局长办公室,陈忠道站在书桌前,腰板得笔直。房间里家具没了洁癖装上的那些保护套,露出深色木质和油亮皮革,白惨惨的屋内色彩上恢复了一些生机,气氛却依然压抑。这主要来源于书桌对面,新局长绷着脸,不满的表情和前局长姚发如出一辙。

“陈忠道啊陈忠道,就知道你迟早要给我找麻烦。”局长用力摇头,“私闯民宅,殴打市民,上面很生气,要不是念在你上次破获蝙蝠杀人案有功,这会你已经停职了。”

陈忠道背着手,没有急于开口申辩,但听到接下来的话,他眼里立刻流出强烈的抗议神色。“这件案子你不要再抓着棠先生不放了,青衣巷鱼龙混杂,指不定是哪个过路强盗干的,钻牛角尖对你没有好处。”

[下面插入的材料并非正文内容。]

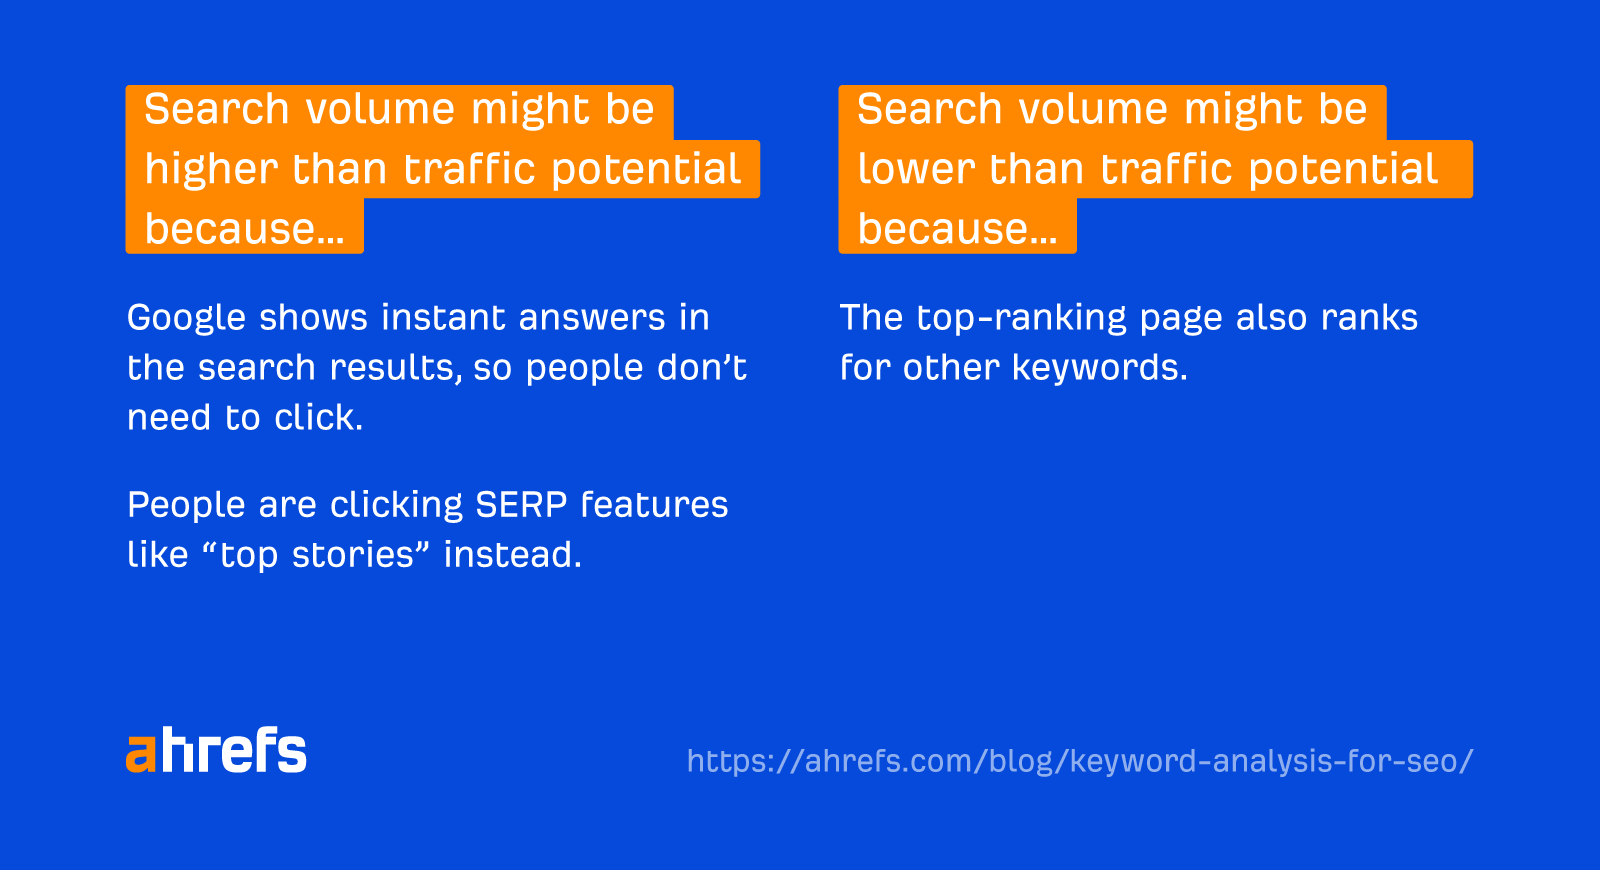 Why keyword search volume and traffic potential can differ
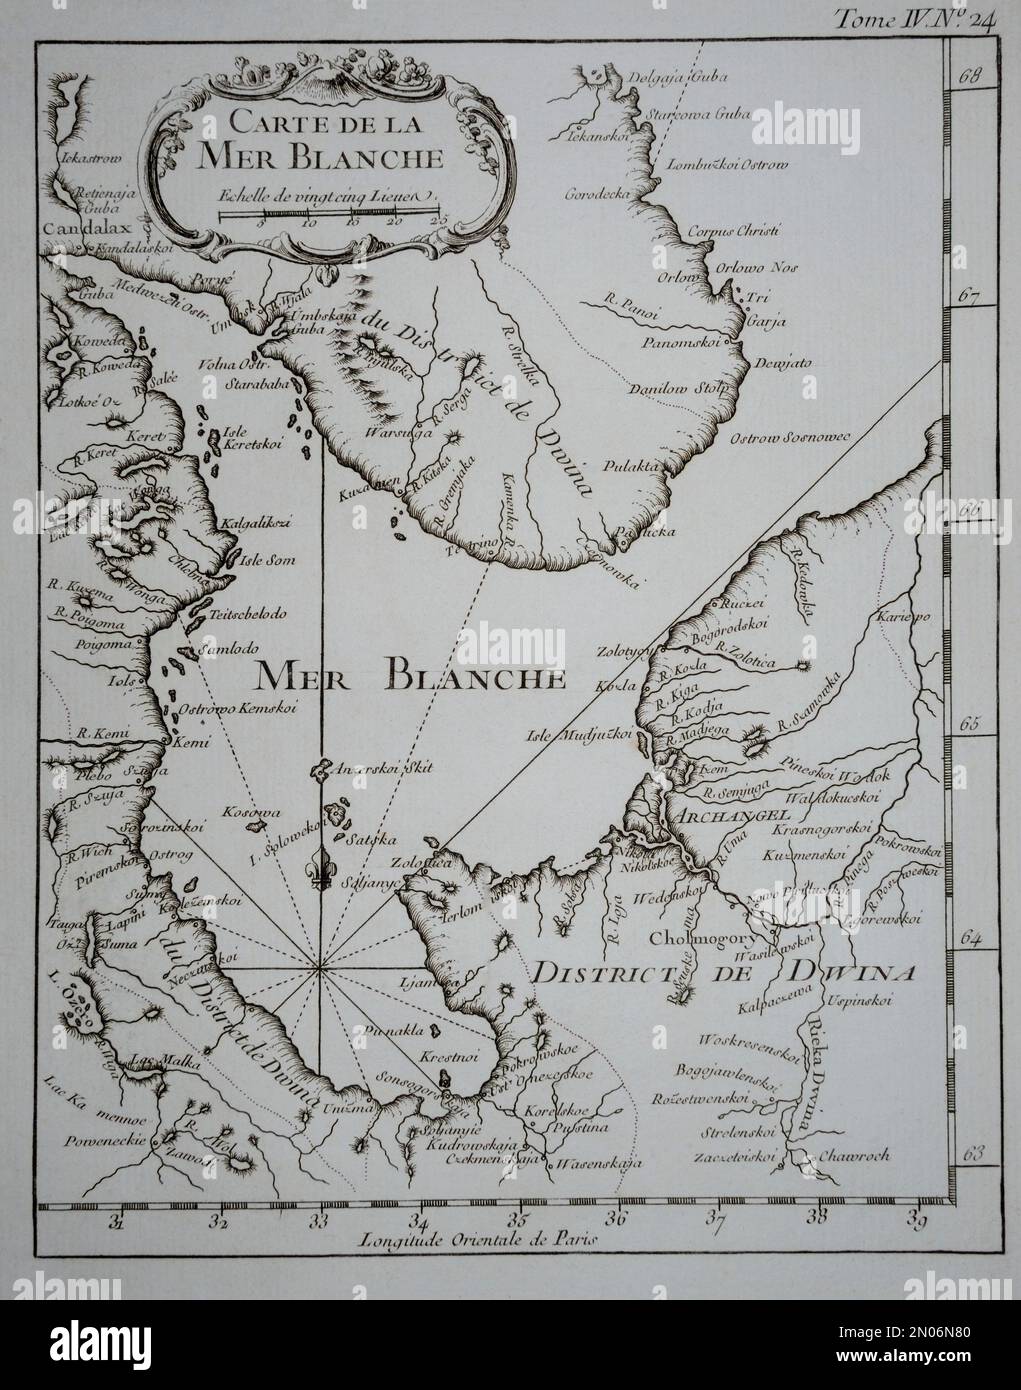 Carte de la Mer Blance by Jacques-Nicolas Bellin, 1764. This Bellin (1703-1772) map gives to you detailed understanding the Kingdom of Biarmia. The Ki Stock Photo

“局长,现在所有的证据都指向棠玉朗,他就是最大的嫌疑人,我们就应该抓住他不放!”

“证据?除了棠先生丢了的那个胸针,你有什么证据?”局长朝书桌上方的空气一挥手。陈忠道抢上话头:“案发当晚,他本来要去青衣巷的一个女人那里,最后却没有去,路线就经过发现尸体的地方,死亡时间也对得上!那个女人还说……”他犹豫一下,刚要把百合平时下药、导致棠玉朗醉酒误杀的证词说出,就反被局长不容置喙地打断。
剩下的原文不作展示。